尘埃落地
然后又是几声闷闷的坍塌声,像有什么东西在尘土中倒下。
灰尘慢慢落定的时候,巷子里已经什么都没有了。
断壁残垣中间只剩下一片焦黑的痕迹,砖墙上溅着深色的液体,衣服碎片粘在碎石缝里,还冒着细烟。
公安从地上爬起来,有人冲上去查看,有人在对讲机里报告情况。
丁振兴站在巷口,看着那片焦黑的废墟,沉默了很久。
他摘下帽子,低了一下头,又重新戴上。
“收队。”
消息传回航天家属院的时候,周野刚从医务室出来,左胳膊吊着绷带挂在胸前。
他站在家属院门口那棵老槐树底下,看着远处巷子上空袅袅升起的黑烟,过了一会儿才转身往回走。
黎姝站在院子门口等他,手里攥着一块手帕。
看见周野走过来,她快步迎上去,上下看了他一遍,目光落在那条吊着的胳膊上。
“疼吗?”
“不疼。”周野用没受伤的那只手握住她的手腕:“没事了。

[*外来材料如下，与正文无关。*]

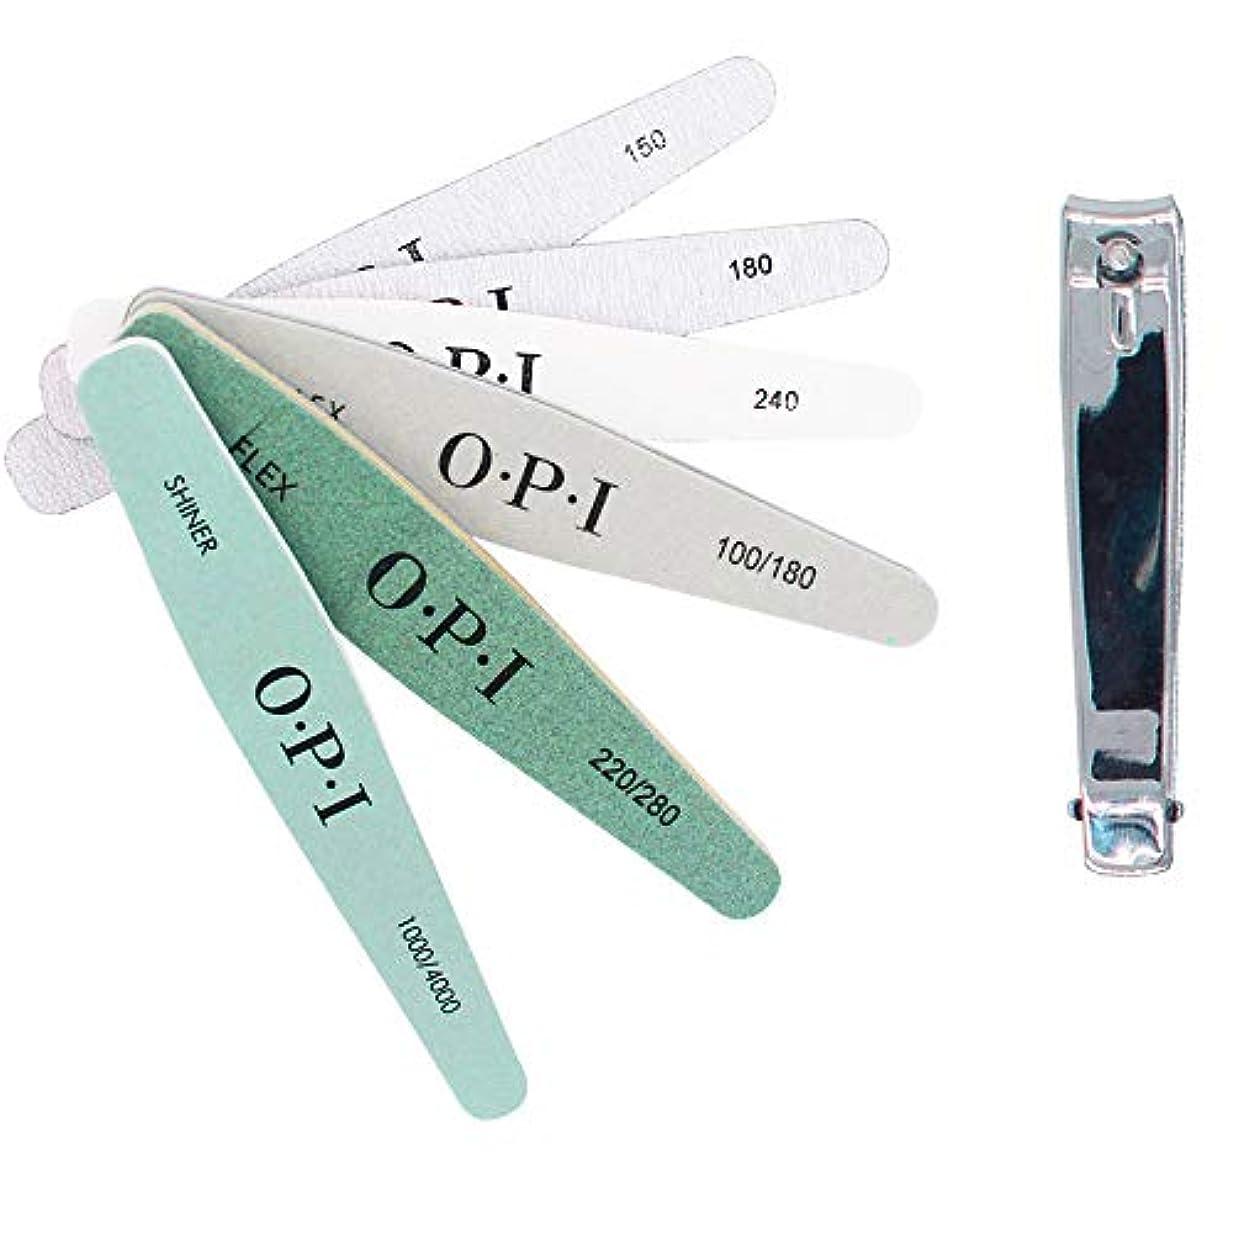 急速なくすぐったい姿勢KINYOOOスポンジファイル、爪やすり、ネイルをつやつやに、のネイルツール、 150/180/200/240/280/1000/4000と(1 PCSメタルネイルはさみ)、ネイルケア用化粧マニキュアペディキュアセット。

”
黎姝没有追问。
她只是反手握住他的手,两个人并肩往家里走。
身后那棵老槐树在风里晃着满树的叶子,沙沙地响。
沈若水的案子就此结了。
公安后来在防空洞里搜出了剩下的炸药和材料,证实她筹划这件事至少有半个月。
周甜甜的死因被重新认定为故意杀人,周志刚的案子也并案处理。
只是沈若水本人已经不在了,许多细节随着那声爆炸永远没了答案。
周甜甜的尸体在太平间放了将近二十天,一直没有家属去认领。
沈若水不在了,周志刚昏迷不醒,最后是沈大川和杨美芳出面,把周甜甜接了出来。
下葬那天是个阴天,没有太阳。
墓地在城西郊外的小山坡上,是沈大川出钱买的。
杨美芳牵着沈书瑜站在墓碑前面,沈书瑜穿着白衣服,眼眶红红的,手里攥着一把野菊花。
沈大川弯着腰把花放好,站起来拍了拍膝盖上的土,叹了口气。
“甜甜,安心走吧。”沈大川低声说:“下辈子找个好人家。”
沈书瑜把野菊花放在墓碑前面,蹲下去,用手把那束花往碑座底下拢了拢。
她蹲了一会儿才站起来,眼眶里的眼泪还是掉下来了,但她没出声。
杨美芳揽住她的肩膀,低声说:“书瑜,咱们回家。”
沈大川一家搬离苏市的消息,是周野告诉姜予安的。
那天傍晚,姜予安在厨房里择菜。
周野坐在客厅里看报纸,翻了两页忽然说:“沈大川他们走了。”
姜予安手上的动作顿了一下:“搬哪去了?”
“说是去南边投奔亲戚,沈书瑜转学,杨美芳也辞了厂里的工作。”
周野把报纸翻过去一页:“走之前来家里告过别,你没在。”
姜予安没说话。
她低头继续择菜,过了好一会儿才嗯了一声。
霍安听到这个消息的时候,正在院子里给花浇水。
水壶里的水浇了一半,他的手腕停住了,水柱歪歪斜斜地洒在地上,洇湿了一大片。